スタッフ
監督: ヴィットリオ・デ・シーカ
製作: アーサー・コーン
脚本: チェザーレ・ザヴァティーニ
撮影: クリスチャン・マトラ
音楽: リズ・オルトラーニ
キャスト
七人の女たち / シャーリー・マクレーン
フレッド / アラン・アーキン
ジョルジョ / ロッサノ・ブラツィ
青年 / マイケル・ケイン
チェンチ / ヴィットリオ・ガスマン
ジャン / ピーター・セラーズ
クローディ / アニタ・エクバーグ
スーパーの美女 / エルザ・マルティネッリ
リック / レックス・バーガー
日本公開: 1968年
製作国: アメリカ エンバシー・ピクチャーズ作品
配給: 20世紀フォックス
あらすじとコメント
シャーリー・マクレーン主演作繋がり。彼女が7役を演じるオムニバスで、様々な彼女の顔が楽しめる。
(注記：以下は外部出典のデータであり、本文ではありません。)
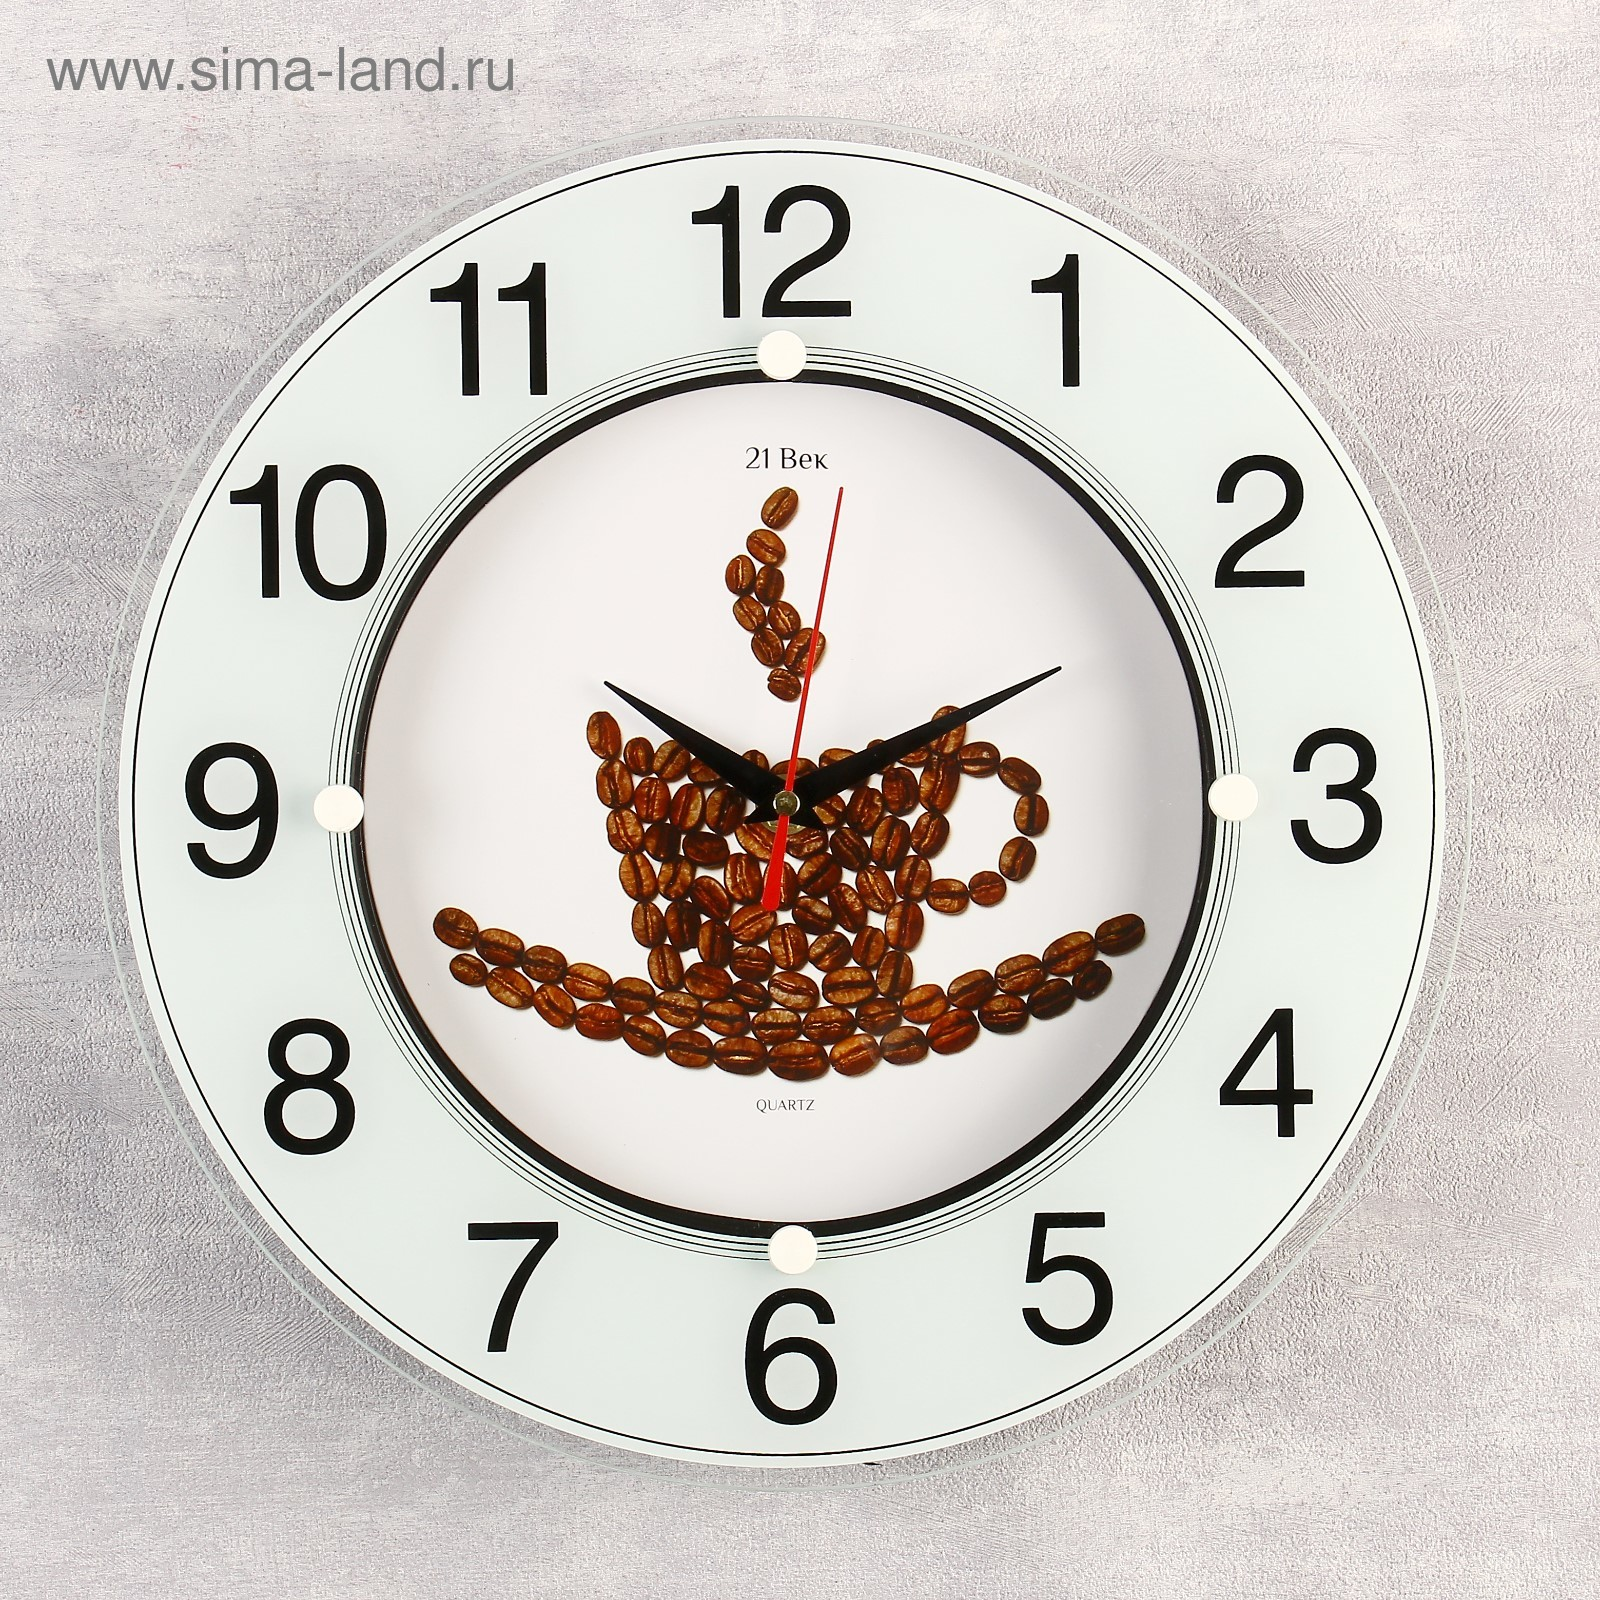 Часы с кофейной тематикой купить мужские часы vacheron constantin купить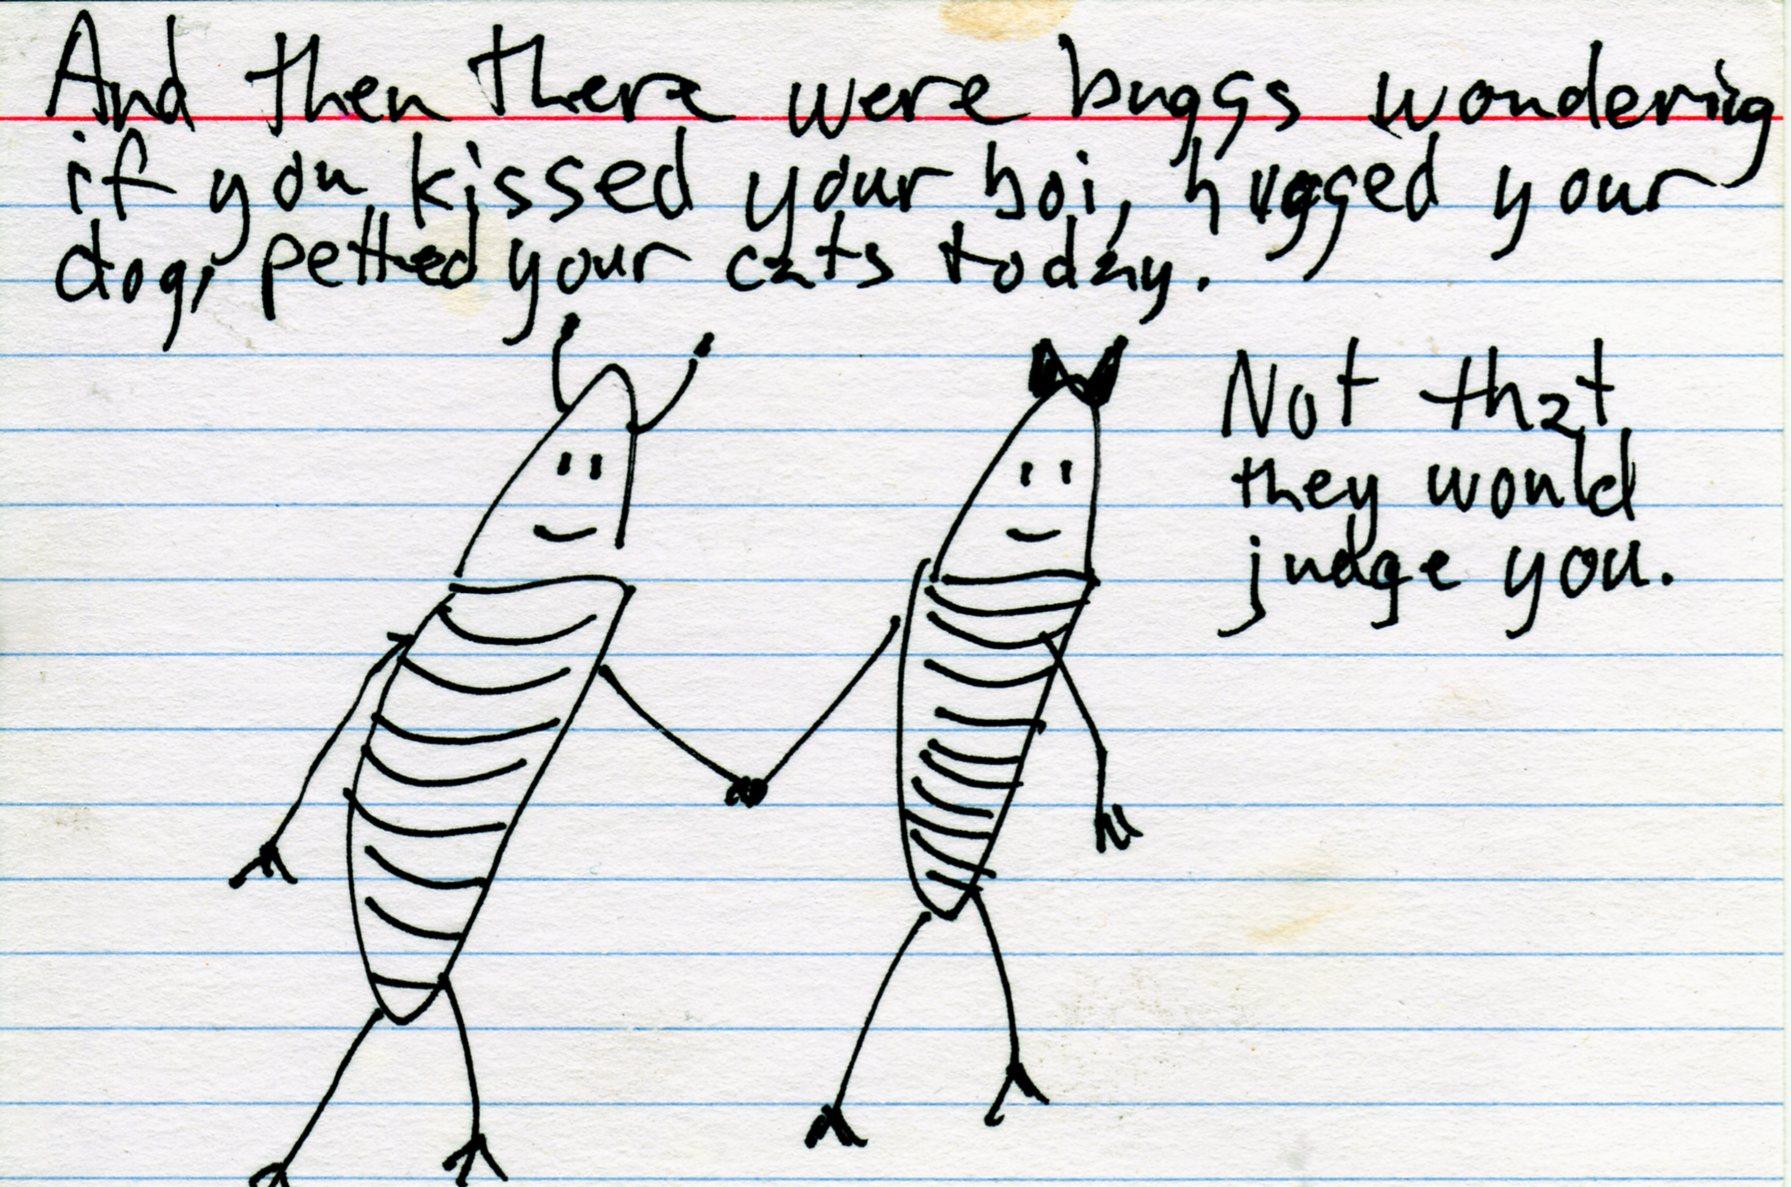 judging me

フランス、パリ。葬儀の列が、ゆっくりと公園の中を進んでいる。喪主は、亭主を亡くしたポーレット(シャーリー・マクレーン)。その横にはジャン(ピーター・セラーズ)が、寄り添っていた。彼は、実は、初めて会ったときから好きだったと告白。
困惑するポーレットに、田舎に買った家で、一緒に過そうと続けた。
更に困惑する彼女だったが・・・
パリを舞台に7タイプの女性を描く艶笑喜劇。
上記に書いたストーリィは第一話。その後、亭主の浮気現場に直面した妻が、逃げだして街娼に慰められる第二話。
国際会議で美人通訳を口説こうとするイタリア人とスコットランド人に降りかかる一晩の出来事を描くのが第三話。
第四話は、人気小説家の地味な妻が、最近、仕事に没頭して相手をしてくれないので、ある行動にでる。
第五話が、社交界の花形夫人が、ライバルである夫人が、自分と同じデザインのドレスでオペラ観劇にでると知って一計を案じる。
安ホテルの一室で、心中を図る不倫カップルが、心中方法で揉めだす、第六話。
最後が、見知らぬハンサムな青年に尾けられる二人の人妻が、どちらがタイプでナンパ目的か賭けようと別々に歩きだすオハナシ。
その総ての話の主人公をシャーリー・マクレーンが演じる。髪の色や長さを変えたりして熱演である。共演陣もかなり豪華である。
ただし、成功作かというと疑問符がつくのだが。それは、すべての舞台がパリなのだが、全編英語の台詞であり、共演者がフランス、イギリス、イタリアと国際色豊か過ぎて、しかもヘンな英語の訛りで、一体、どの国の人間か解らず、混乱することなどが挙げられる。
マクレーンも当時としてはかなり大胆なヌードを披露したりと、寓話ごとに変化を持たせようとしているが、それでも、さすがに7役ともなると限界がある。
しかもどう見てもマクレーンがフランス女というイメージが湧かないのが一番の難点。
そして、そんな違和感を増幅させるのは監督のヴィットリオ・デ・シーカと脚本のチャザーレ・ザヴァティーニがイタリア人であるという点。
かなり国際色豊か過ぎて、どうして全話の背景がパリであるのかという必要性が感じられないのだ。
ただ、当然面白いエピソードもあり、共演陣も心中相手を演じたアラン・アーキンや、最終話のストーカー青年を演じたマイケル・ケインなど、そもそもの登場時間が短いのに、強く印象に残る演技を披露したりしている。
考えようによっては、余計な場面を挿入して、やたらと上映時間を長く感じさせる大作より、飽きる前に次々と内容が変化するので、一本で数本分の楽しみがある。
その点では、本作以前に同じようにオムニバス映画として、「昨日・今日・明日」(1963)を作ったデ・シーカ監督。全挿話でなく、何本か自分のお気に入りを見出し、その中に、緩急の付いたイタリア人としてのヴェテランの味が楽しめるといった作品。